The main idea, however, was wonderful. An information exchange format (xml itself), a way to define schemas (xsd), a transformation language (xslt), and stylesheets (xsl?). I kind of miss it.

2 comments

I miss XSLT every time I see megabytes of JavaScript converting some JSON into a soup of HTML to display in browsers. A bunch of JavaScript with a bunch of overwrought "components" is serving as a very complicated templating system.

A lot of really stupid JavaScript could be done fairly easily with XSLT natively inside a browser engine. An XML document can point to its own XSL(s) so get rendered to the appropriate delivery format or just used directly as data.
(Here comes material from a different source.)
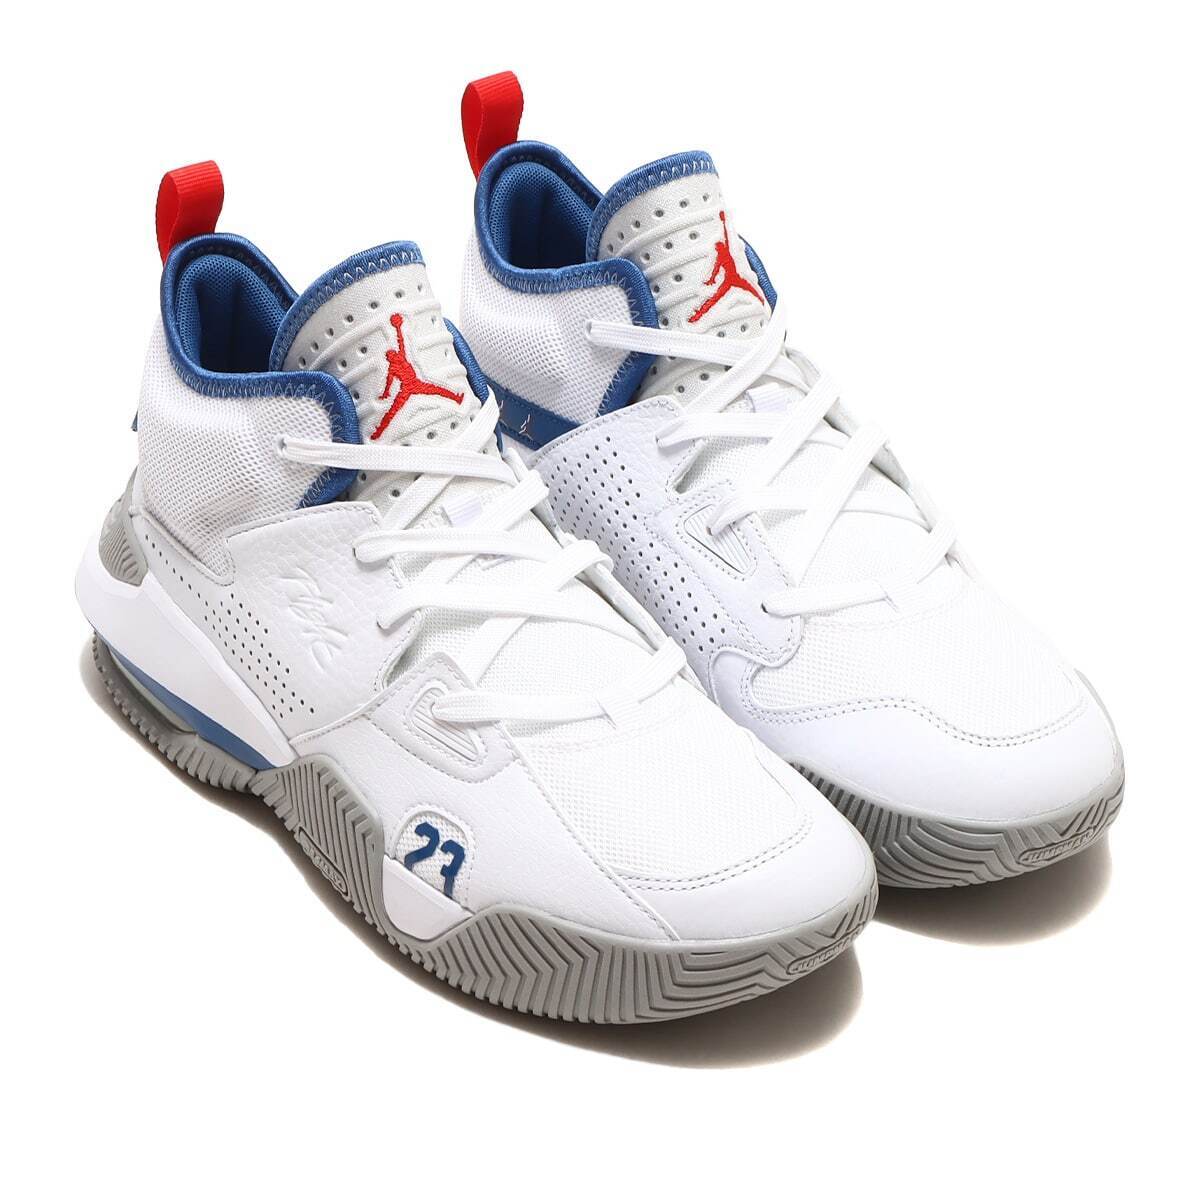 Fancy Nike Jordan Stay Loyal 2 White True Blue Mid Top Basketball Sneakers Trainers DS on eBay

I don't miss it. I had several projects where it seemed like a good idea. I pushed it as a good idea. I really wanted it to work. Some developers (usually the sharper bulbs) got it. A lot of developers really struggled with it. Especially the folks who were 'front end' developers. Even in the 2000's, when everything was trying to go XML, staffing those roles was hard.
Tooling was XSLT's Achilles heel. Too many tools had no or poor XSLT support. What's confusing to me is a lot of the JavaScript templating today has equally bad tooling yet everyone's in love with it.
Doesn't that suggest that tooling wasn't the issue after all?
The lack of tooling for XSLT and modern JavaScript stuff are on different sides of the adoption curve. XSLT lacked tooling on the upside of the curve so it never hit critical mass. Its other problems could have been solved had it hit critical mass and seen wider adoption.
XSL (Extensible Stylesheet Language) the stylesheet part, it included XSLT (transform), XPath, and XSL-FO (XSL Format Objects).

XSLT and XPath each went on to great solo careers, XSL-FO kind of fizzled when XML+XSL failed to displace HTML+CSS.

XSL:FO is great for turning into PDFs though.

There's also XQuery for transformations and XSD/RelaxNG for schemas, the whole combination of XML database, WYSIWYG (via XSLT) XML editor and output transformations is very powerful, every journal we published and every site we ran at the British Medical Journal was generated that way.